◆ What needs to be done
Set out word for word the line that contains "B A R I S T A S !" and each line after it, through the end of the data below, but exclude the pictures.

[Items from a data source]
::::::::::

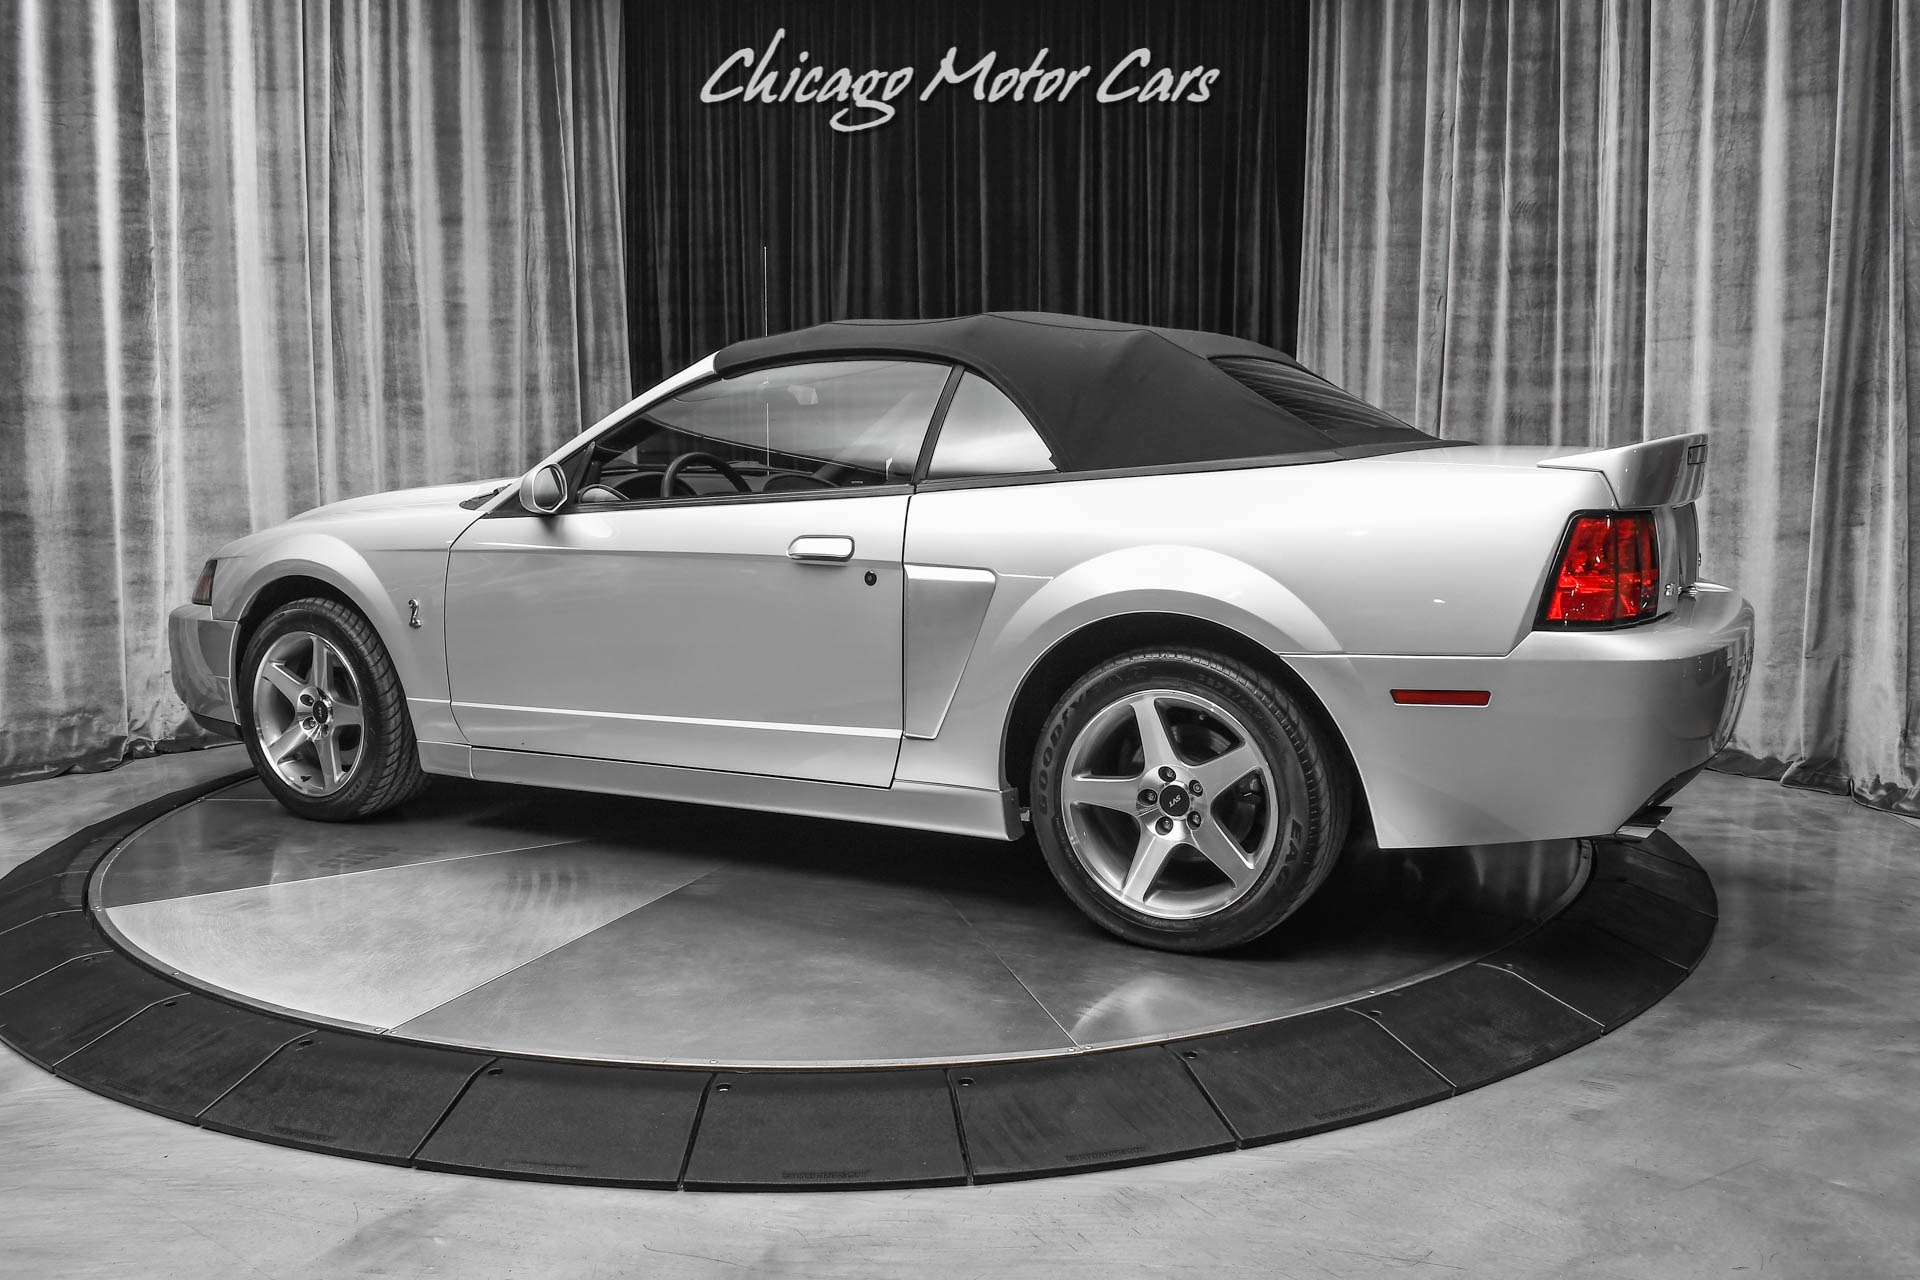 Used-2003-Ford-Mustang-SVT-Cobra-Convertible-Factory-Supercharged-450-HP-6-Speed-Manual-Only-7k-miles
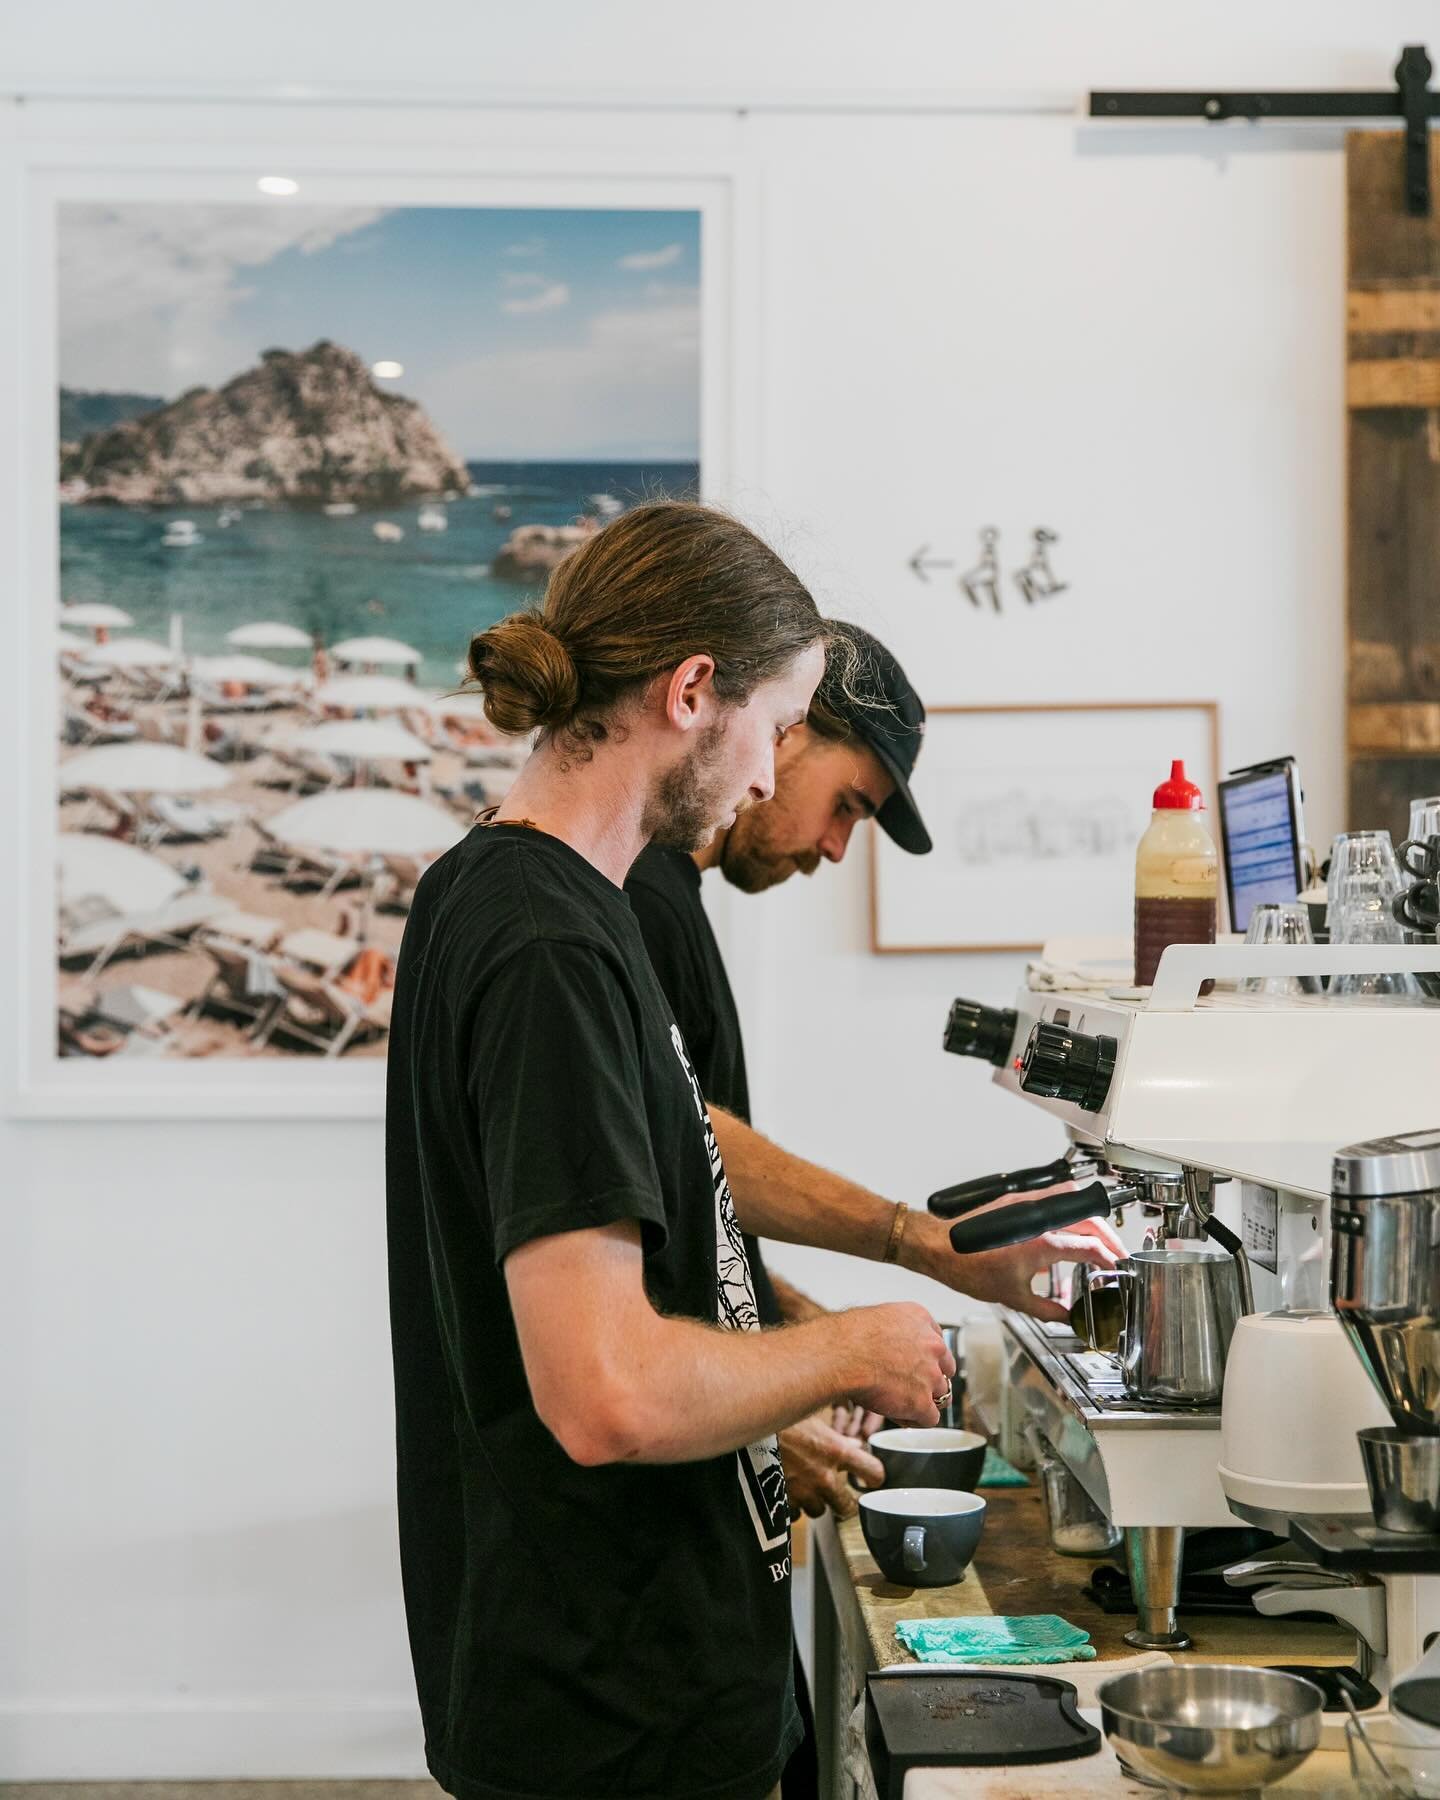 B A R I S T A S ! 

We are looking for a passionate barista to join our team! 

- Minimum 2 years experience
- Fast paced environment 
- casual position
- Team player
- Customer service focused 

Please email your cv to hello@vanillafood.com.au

::::::::::

◆ Response
 B A R I S T A S ! 

We are looking for a passionate barista to join our team! 

- Minimum 2 years experience
- Fast paced environment 
- casual position
- Team player
- Customer service focused 

Please email your cv to hello@vanillafood.com.au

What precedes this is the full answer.